WHAT TO DO >> The answer should be every line below, repeated exactly, with the images left out.

STORED DATA >>
□ □ □ □ □
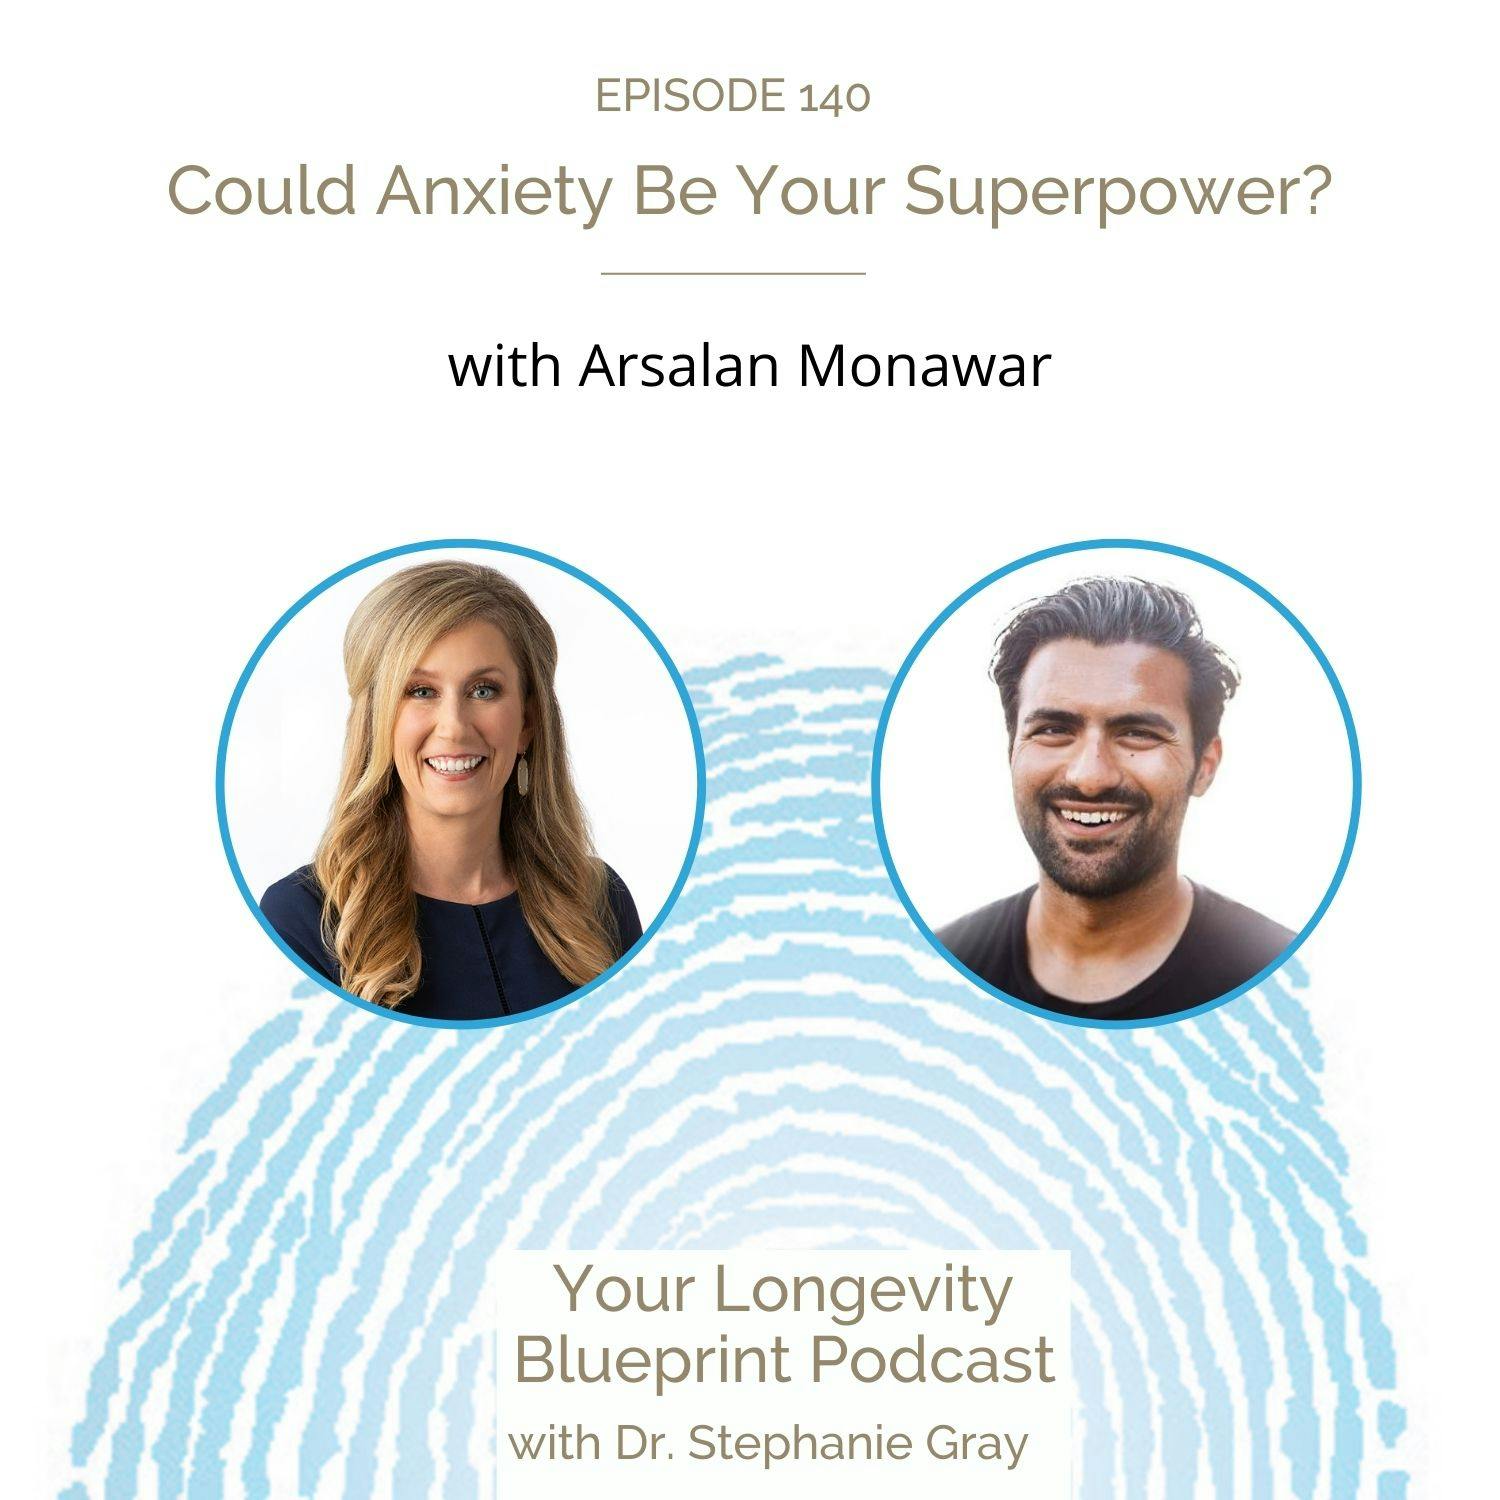 Could Anxiety Be Your Superpower? with Arsalan Monawar
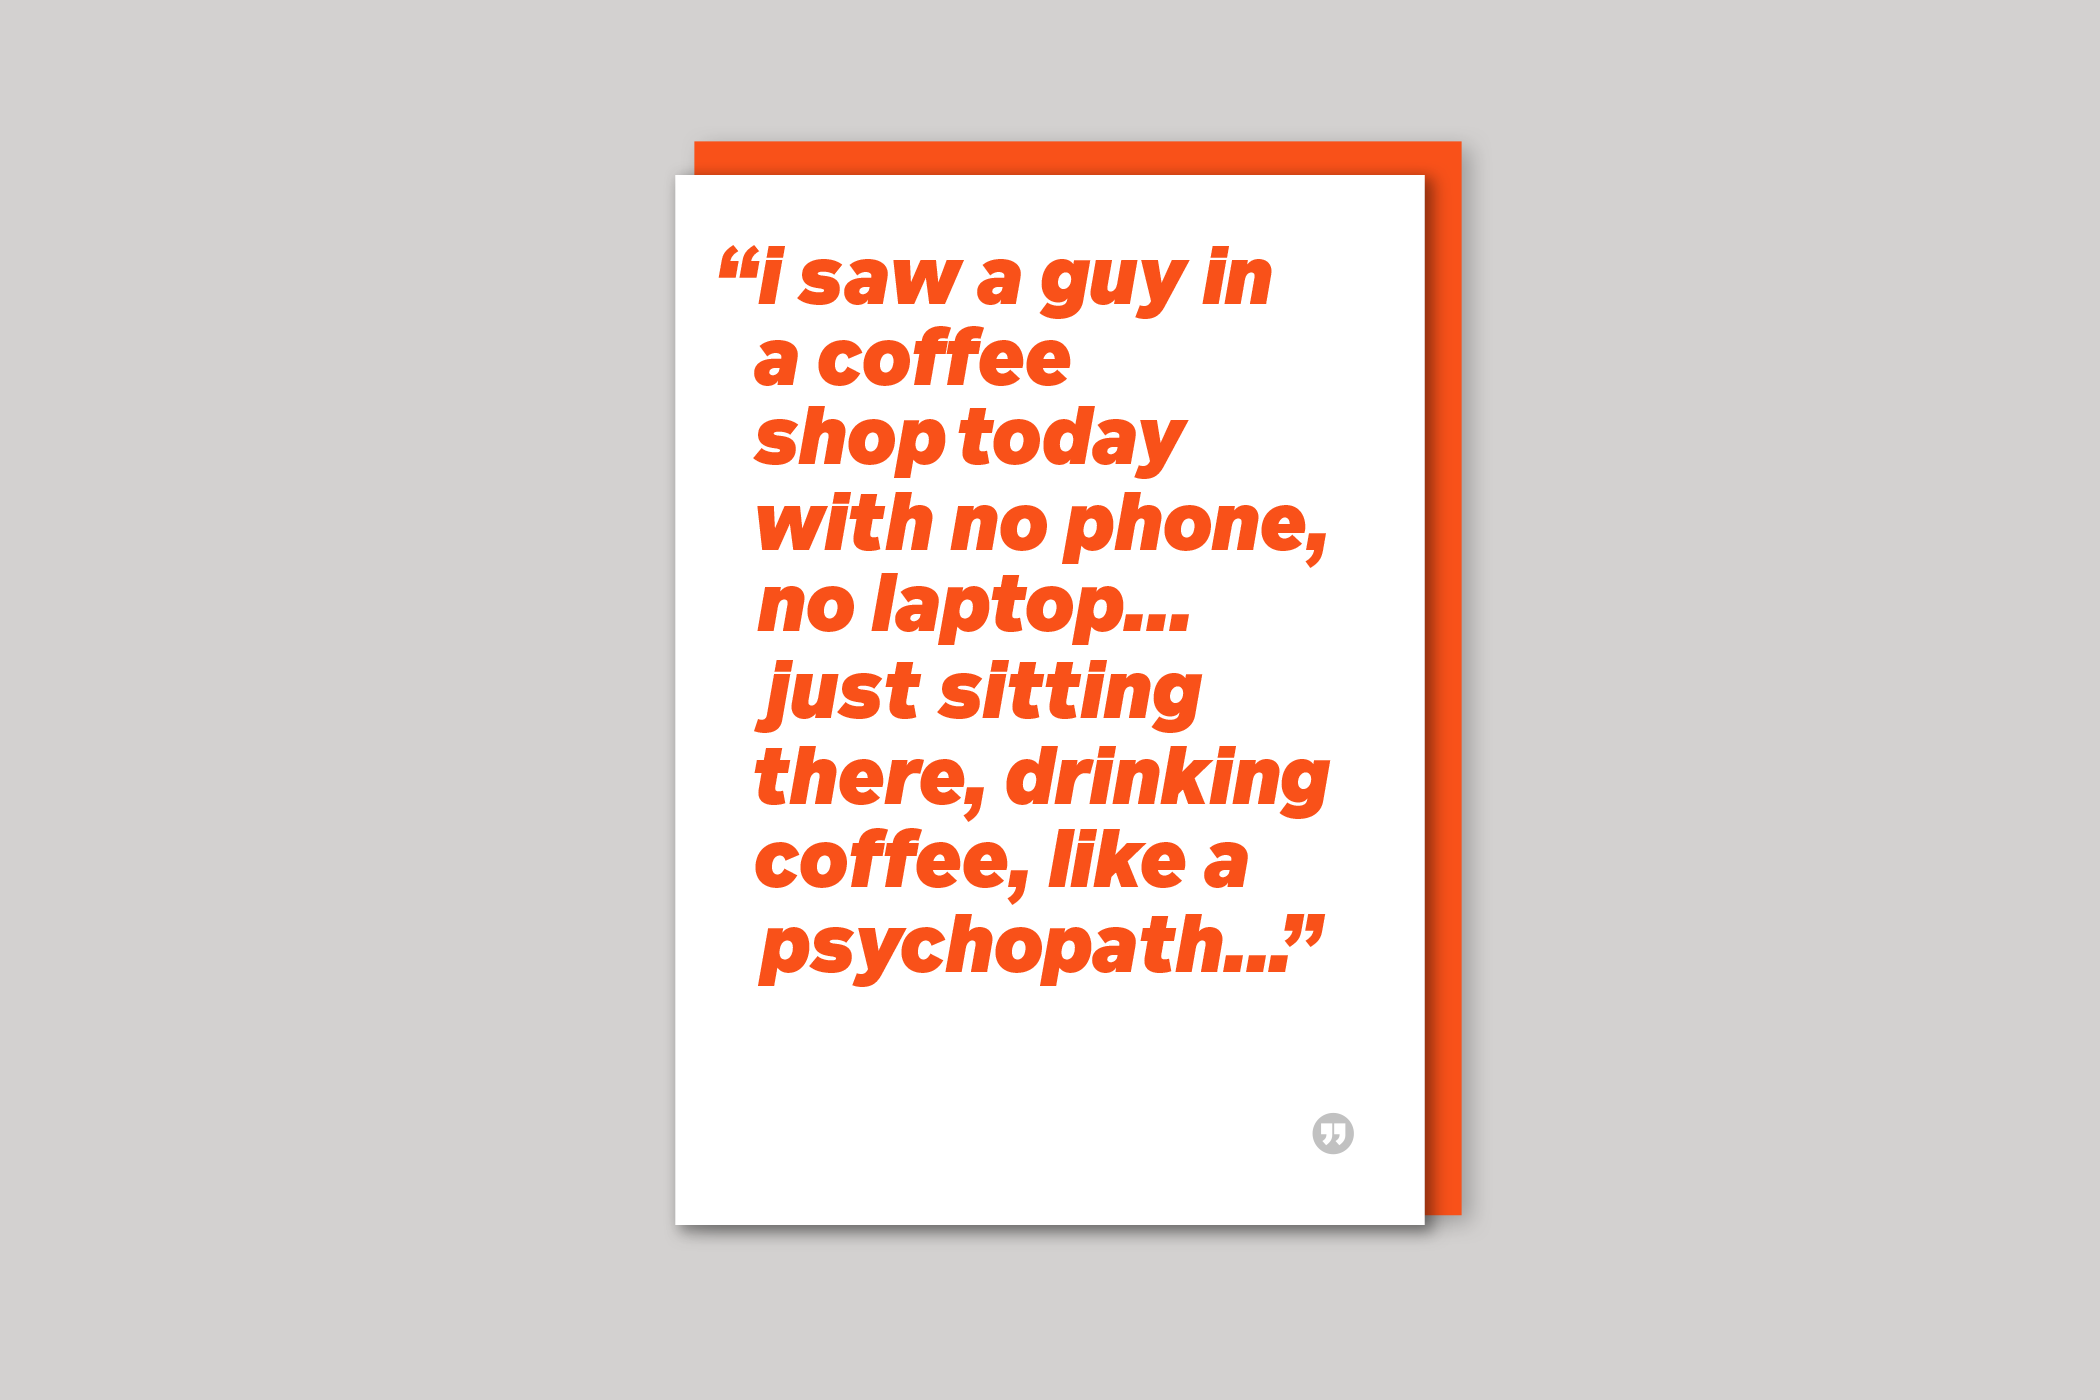 Psychopath funny quotation from Quotecards range of cards by Icon, back page.
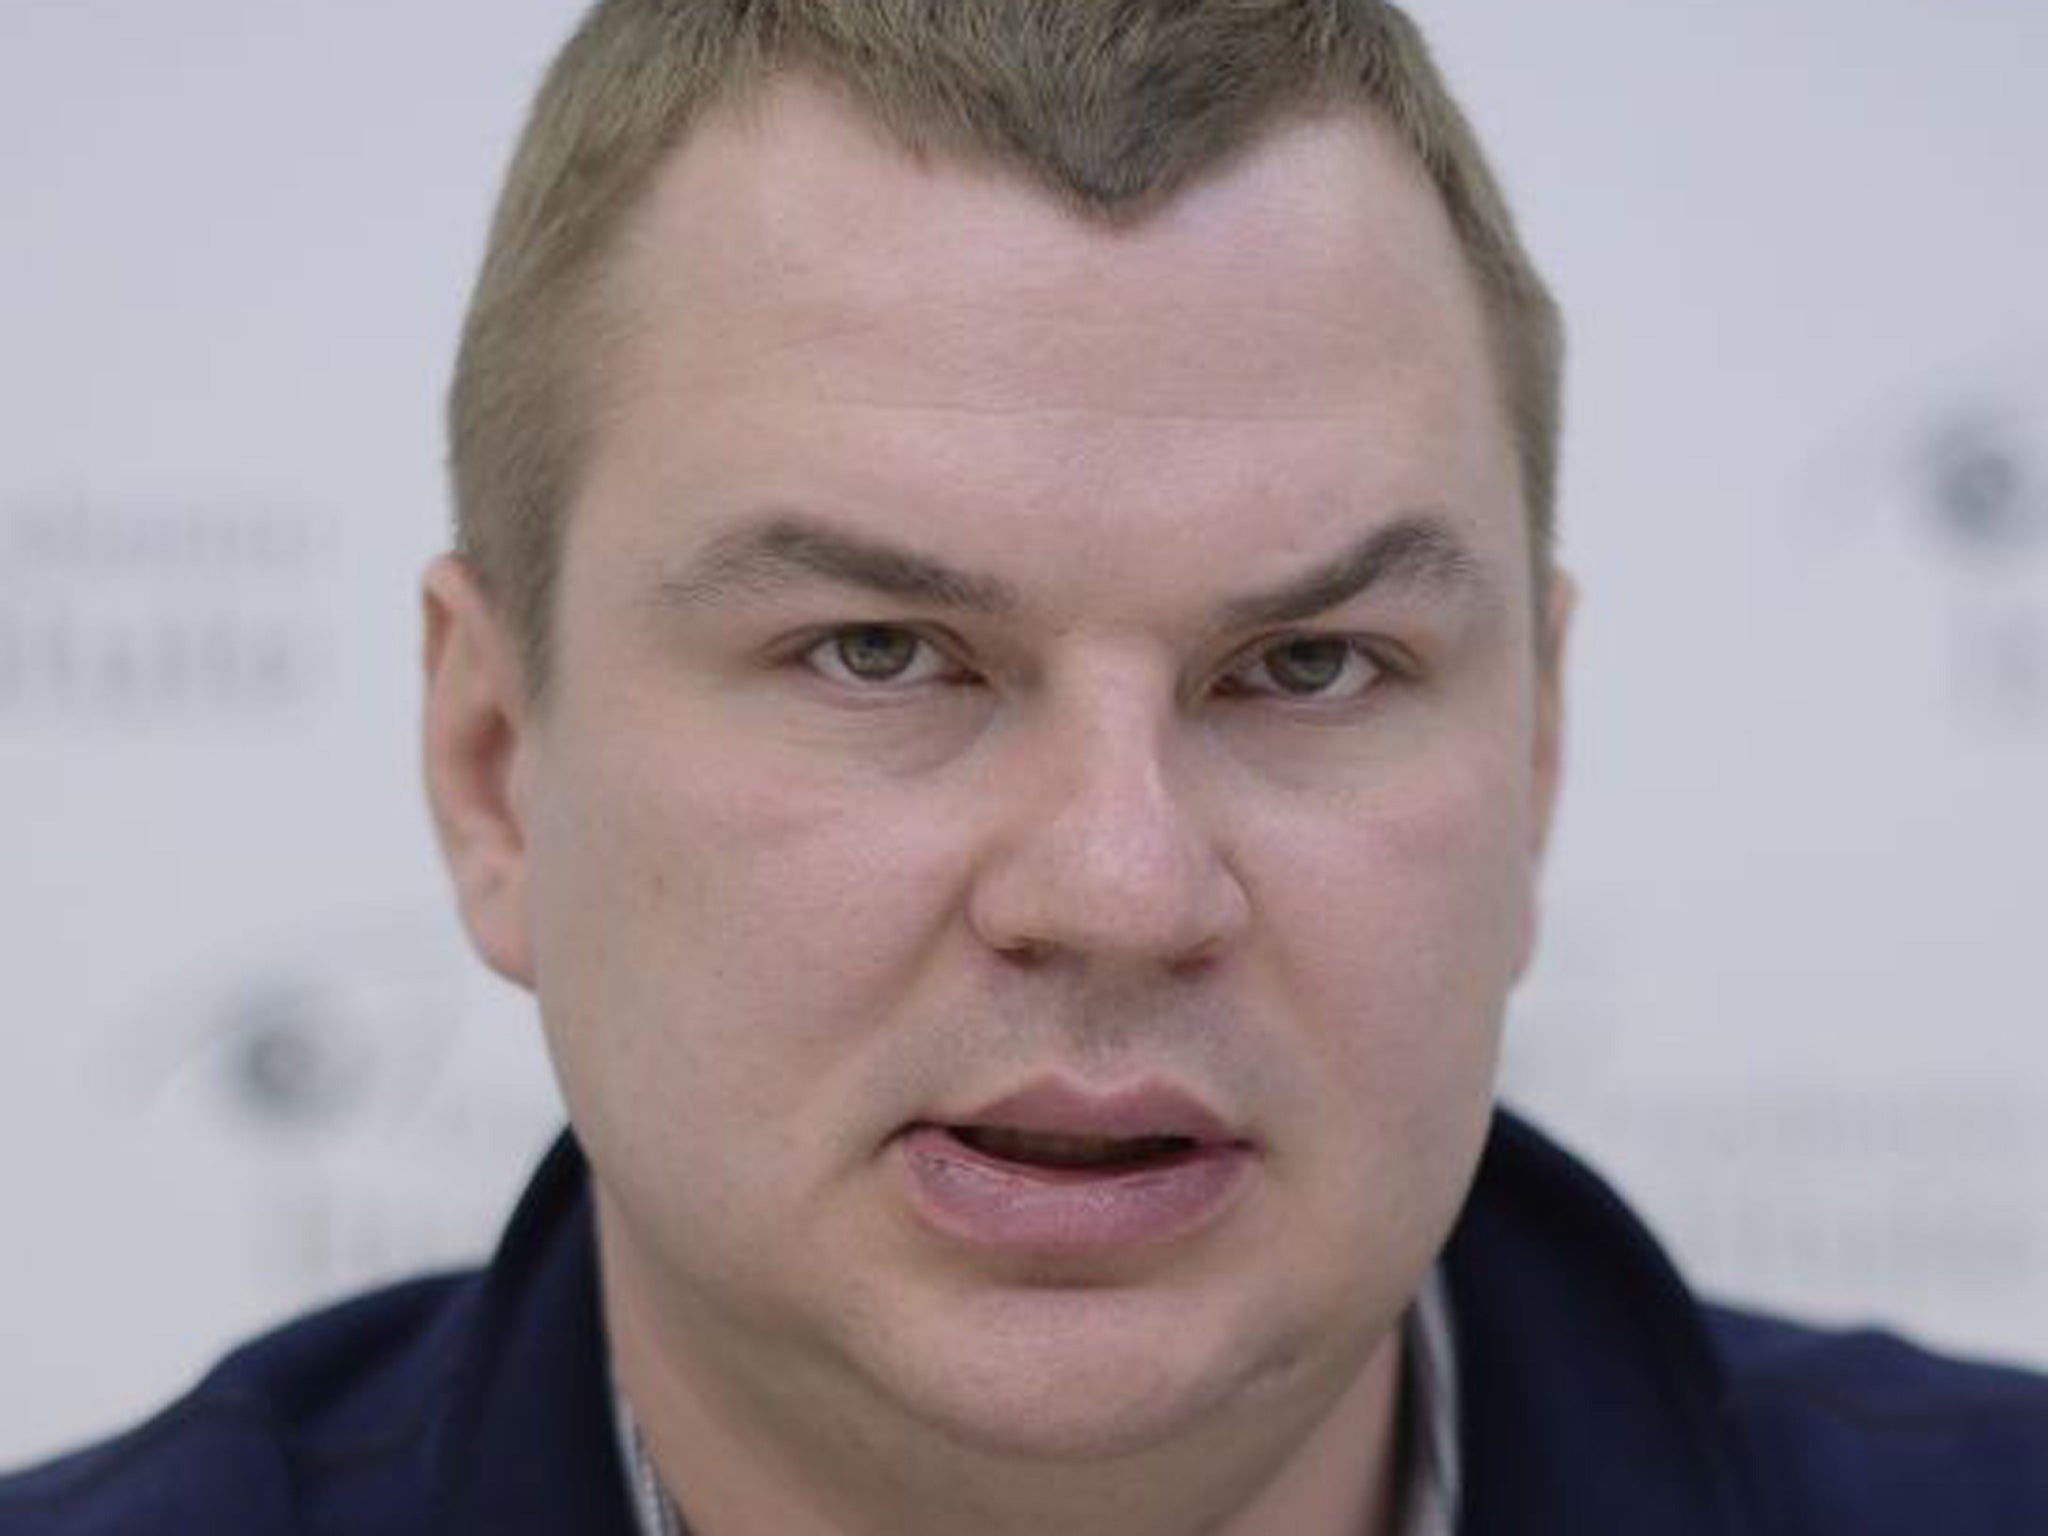 Dmytro Bulatov,a Ukrainian opposition activist, says he was kidnapped and tortured
□ □ □ □ □
TASK RESPONSE >>
 Could Anxiety Be Your Superpower? with Arsalan Monawar
 Psychopath funny quotation from Quotecards range of cards by Icon, back page.
 Dmytro Bulatov,a Ukrainian opposition activist, says he was kidnapped and tortured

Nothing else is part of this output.